It’s WWII and Hitler boards a bomber to personally destroy Moscow. On the way to the USSR, he encounters “gremlins from the Kremlin” who wrack his airplane and ruin his wicked plan.

This is not Hitler’s worst nightmare, but a plot of a cartoon produced in May 1944 by Warner Bros. and a team of American animators who would create the famous Looney Tunes a few years later.

The storyline of the Russian Rhapsody is indicative of the American public view of WWII in 1944: Hitler is depicted as a historical warmonger who’s bound to lose eventually. 

In the cartoon, frustrated by the failures of the Nazi Wehrmacht, Hitler declares he will personally fly a bomber to destroy Moscow, the capital of the USSR. On the way to Moscow, gremlins — folkloric mischievous creatures that are believed to cause malfunctions in aircraft and other machinery — start dismantling the Nazi warplane without Hitler being aware.

The troublesome creatures go berserk with the plane’s equipment, destroying it while singing “We are gremlins from the Kremlin” to the tunes of classic Russian melodies like ‘Dark Eyes’ and ‘Song of the Volga Boatmen’.

Along sing other gremlins:

We’re gremlins from the Kremlin

Da da da da da

We’re gremlins from the Kremlin

Da da da da da

I’m a gremlin from the Kremlin

Oh

We are Russian gremlins

Up in the sky we're found

Schicklgruber’s aeroplanes

We smash right to the ground

We like nothing better than to mess up Messerschmitts

And send their heavy bombers down to earth in teeny bits

Napoleon and his army never got to first base

Now we’ll push those nasty Nazis in der fuehrer's face

We’re here, we’re there, we’re everywhere

We’re in the Nazi’s hair

And when they try to catch us

We’re the little men... who weren’t there

We’re the little men who weren’t there.

After the five-minute-long abuse of the unsuspecting Hitler, the gremlins reveal their presence and drive the Nazi leader off the bomber and into a free fall.
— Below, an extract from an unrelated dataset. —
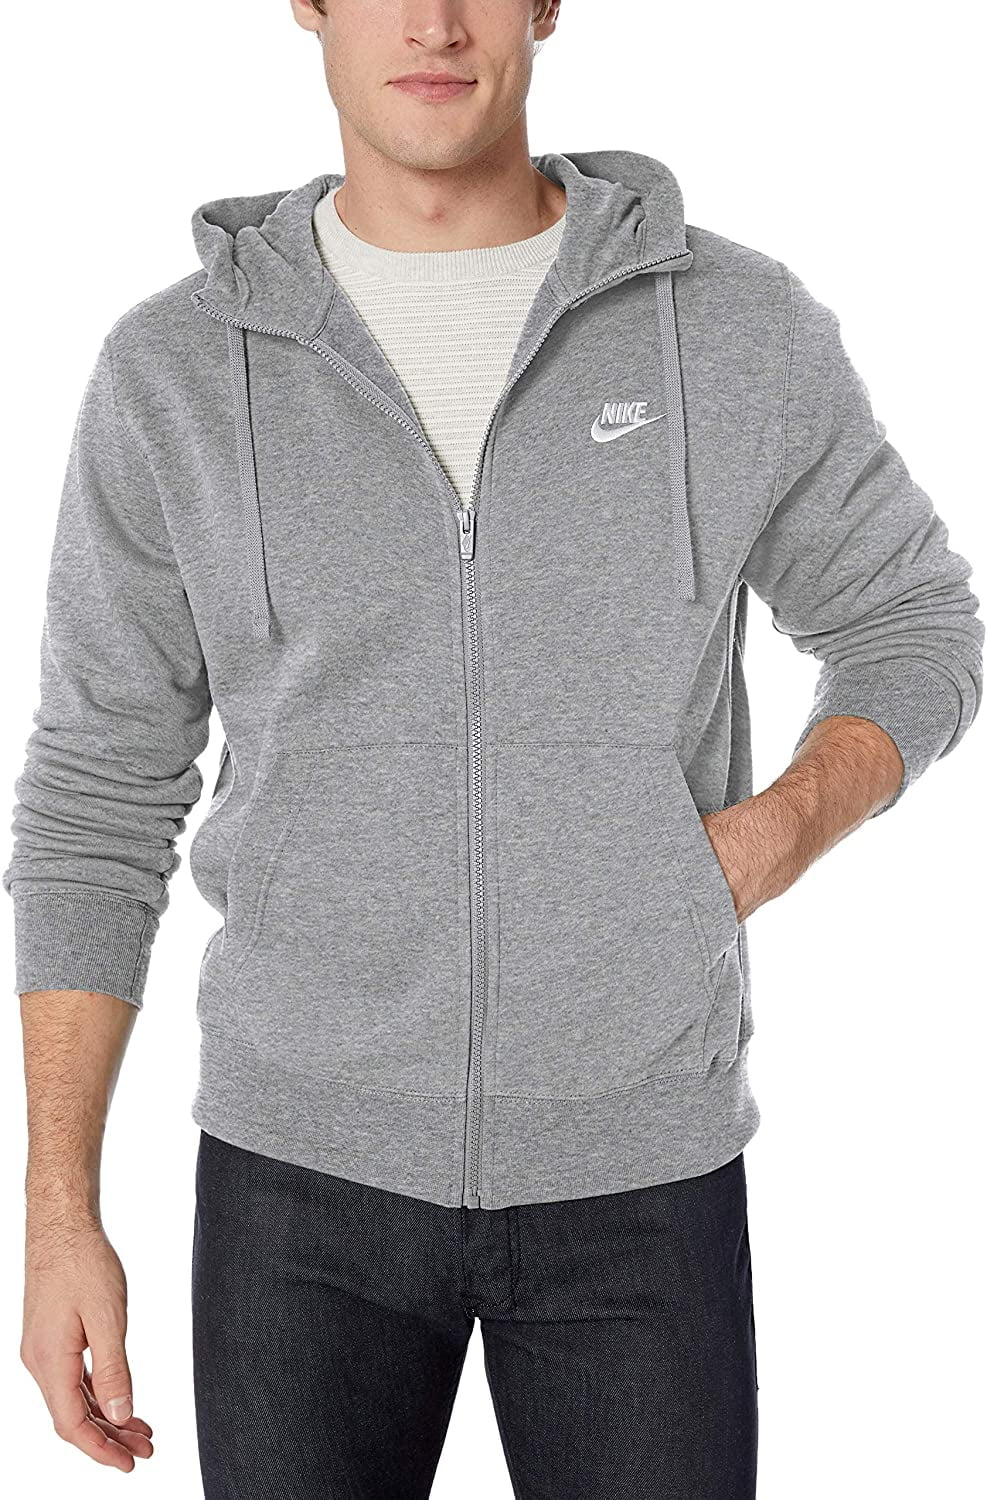 Men's Nike Sportswear Gym Red/Blk Tech Fleece Full-Zip Hoodie (CU4489 657)  - 4XL

Hitler lands on the ground and tries to shelter from the falling bomber, but ends up hitting Hitler, burying the Nazi alive, while forming a headstone with the plane’s tail.

The seven-minute-long cartoon ends with a final shot of a gremlin pounding Hitler back into the ground with a sledgehammer. 

In a way, ‘Russian Rhapsody’ might well have been a personal message from Warner Bros. to Nazi Germany and Hitler, as the gremlins’ visual looks were, in fact, based on the employees of the Warner Bros. animation department staff.

Without further ado, enjoy!

Click here for 10 classic Russian animated movies you need to watch.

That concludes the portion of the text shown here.